Buddhism is often referred to as a system of beliefs or a way of life. Unlike followers of other religions, Buddhists are not required to follow prescribed routines, although some Buddhist practices do include elaborate rituals. Meditation is the basic practice of Buddhism, intended to bring awareness of our mind and our true enlightened nature. Buddhists believe that meditation is necessary to calm the endless thoughts and distractions that otherwise fill our minds. While Zen Buddhism focuses on discovering truths about the self, Tibetan Buddhism emphasizes a path of compassion for all living beings.
Meditation is the core practice of Buddhism. Buddhists show commitment to their beliefs by meditating on a regular basis. There are no requirements as to specific times of day, number of sessions per day or length of time, though many Buddhists establish a meditation routine to ensure they practice every day. Taking time on a regular basis to rest in awareness of the true nature of one’s mind is the basic commitment.
The key Buddhist teaching is what is known as the Four Noble Truths: the truth of suffering, the truth of the cause of suffering, the truth of the end of suffering and the way or path to the end of suffering. Buddhists cultivate compassion and a desire for all living beings to be free from suffering and the causes of suffering. To show complete commitment to this belief, a Buddhist may carry out tangible acts of charity or generosity, but the primary practice is generating compassion through meditation and the way one lives all the time.

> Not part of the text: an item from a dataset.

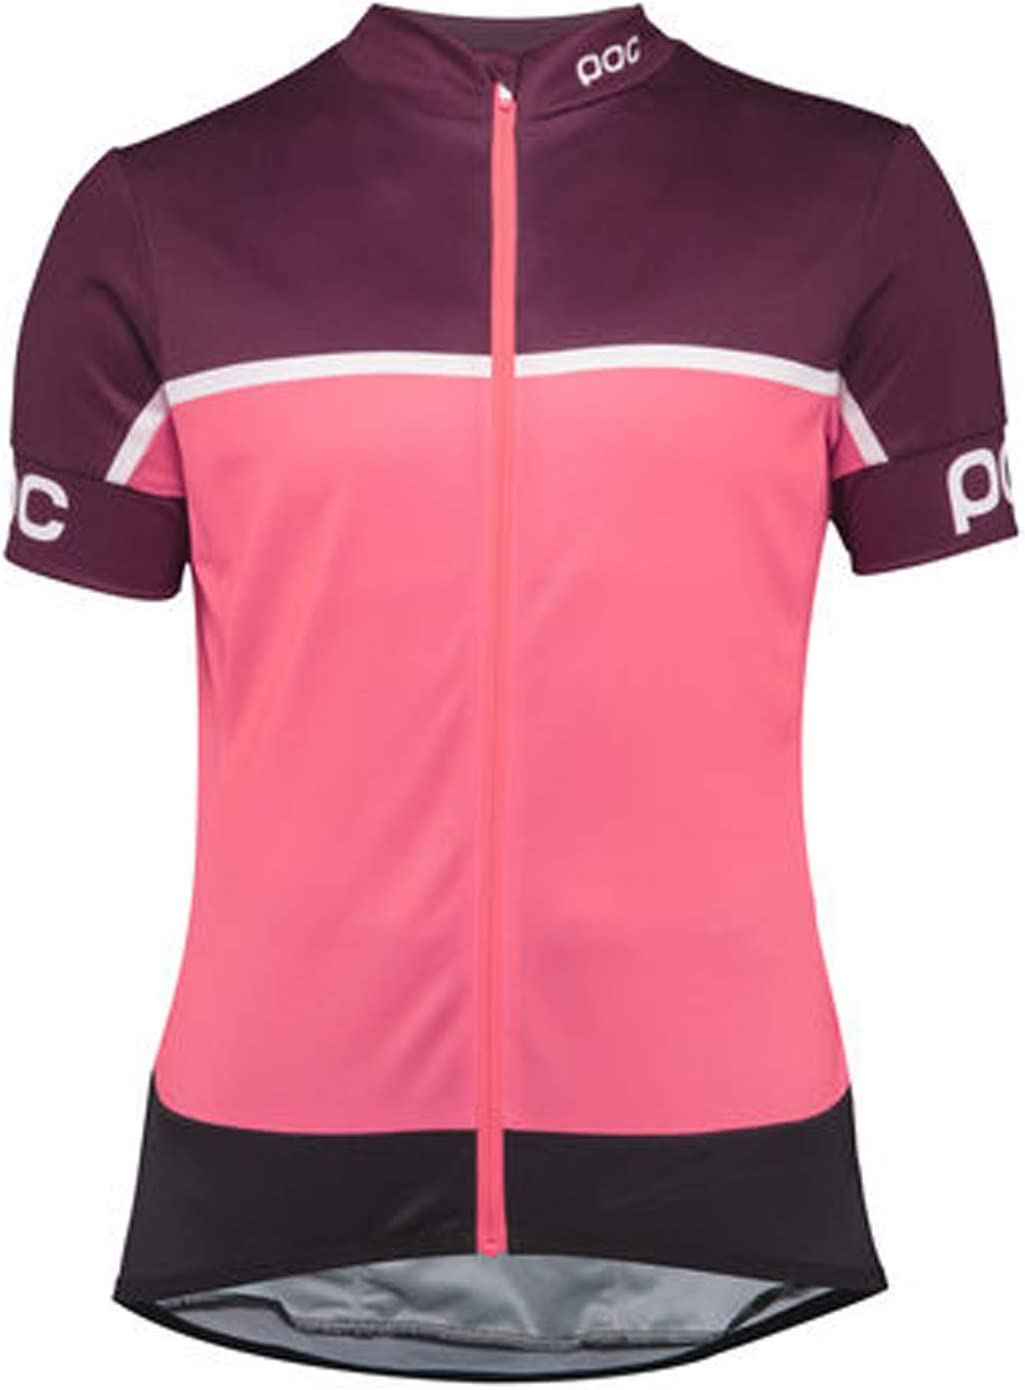 Essential Road Women Block Jersey Short Sleeve Cycling Jersey POC

Taking refuge is the ceremony marking one’s commitment to being a Buddhist. A qualified teacher conducts the ceremony; the practitioner vows to live by certain precepts and receives a Buddhist name. The five basic precepts are not to kill, not to steal, not to lie, not to become intoxicated and not to engage in sexual misconduct. Taking refuge may indicate one’s commitment to being a Buddhist; however, a Buddhist shows commitment to his or beliefs in how he or she lives on a daily basis.
Going on a Buddhist retreat may deepen a Buddhist’s commitment to his or her beliefs, or may be something a Buddhist considers necessary to further his or her learning and understanding. A retreat could be as short as one day or as long as many years, and may concentrate on specific teachings or practices. Engaging in a retreat may indicate a Buddhist’s commitment to his or beliefs, as a retreat requires that one disconnect from the usual daily routines including jobs and communication with the outside world; however, the intent is to focus on practice rather than an outward show of commitment.